Известная марокканская пословица гласит: «Человек без друзей все равно что сад без цветов». Я услышал ее сразу по приезде в Касабланку – от водопроводчика, которого вызвал прочистить канализацию. Тот ужаснулся: как мог я поселиться в чужой стране, если никого здесь не знаю?

Я признался ему, что наконец-то вздохнул свободно.

– И я больше не увижу тех, кого не хочу видеть, – поделился я своей радостью.

Водопроводчик вытер лысую голову ветошью.



– Как же вы проживете без друзей?

Теперь-то, оглядываясь на ту первую неделю жизни в Касабланке, я понимаю, что водопроводчик имел в виду. В западном обществе друзья это всего-навсего компания в баре – лишь бы не сидеть в одиночестве. Иногда мы связываем с ними какие-нибудь надежды, иногда – нет. Если друг просит нас о помощи, мы не даем обещание сразу, а сначала спрашиваем, в чем она заключается. Но в Марокко дружба до сих пор основывается на соблюдении кодекса чести и верности, как это когда-то было и в Европе. В глазах марокканцев дружба связывает двоих прочными узами, и попросить друга можно о чем угодно.

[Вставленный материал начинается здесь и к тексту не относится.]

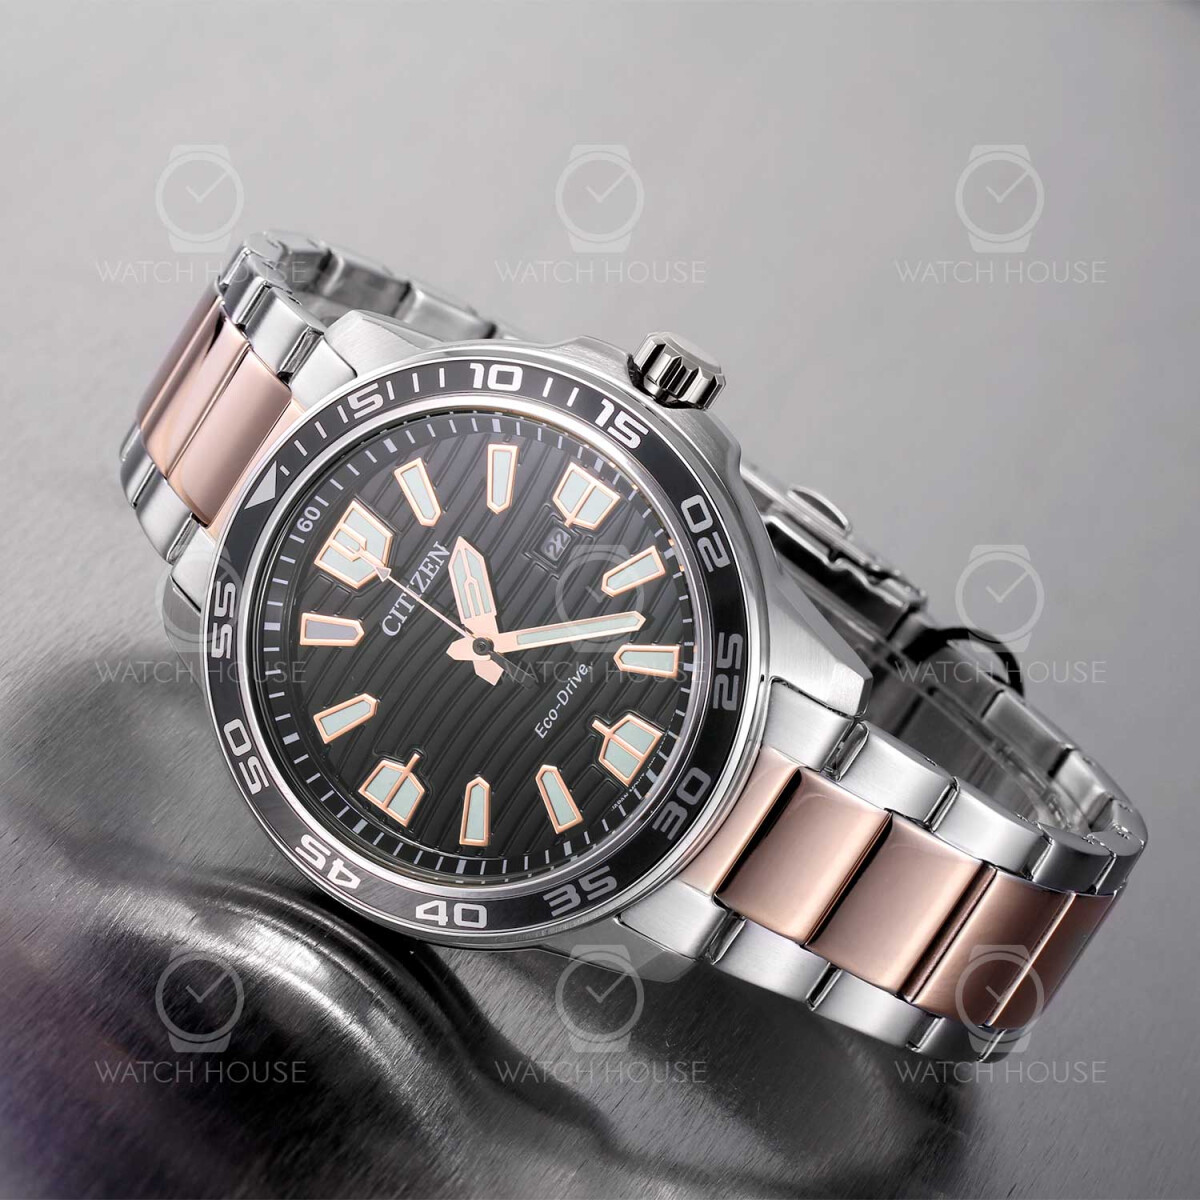 The Citizen AW1524-84E is the mens wristwatch of the...

Со дня нашего знакомства прошел месяц, и Абдельмалик пригласил меня к себе в гости. Квартирка оказалась небольшой, но уютной, в центре комнаты стоял низенький столик. На столике – штук десять больших блюд, на каждом горкой высились пироги, печенье, булочки… Я спросил Абдельмалика: скольких гостей еще он ожидает?

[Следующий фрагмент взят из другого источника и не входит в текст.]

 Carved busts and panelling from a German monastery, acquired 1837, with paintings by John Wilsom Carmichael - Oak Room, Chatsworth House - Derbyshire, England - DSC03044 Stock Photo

– Только тебя, – ответил тот.

– Но я один столько не съем! – возразил я.

Абдельмалик расплылся в широкой улыбке, став похожим на чеширского кота:

– А ты постарайся.

Через несколько дней Абдельмалик позвонил мне и сообщил: у него для меня сюрприз. Спустя час я уже сидел в парной хаммама – турецкой бани. Марокканцы ходят в баню еженедельно, для них это важный ритуал, основа основ марокканского общества. Абдельмалик научил меня, как намыливаться ароматическим мылом, оттер так, что я почувствовал, будто заново родился. В густых клубах парной Абдельмалик подарил мне дорогой банный набор.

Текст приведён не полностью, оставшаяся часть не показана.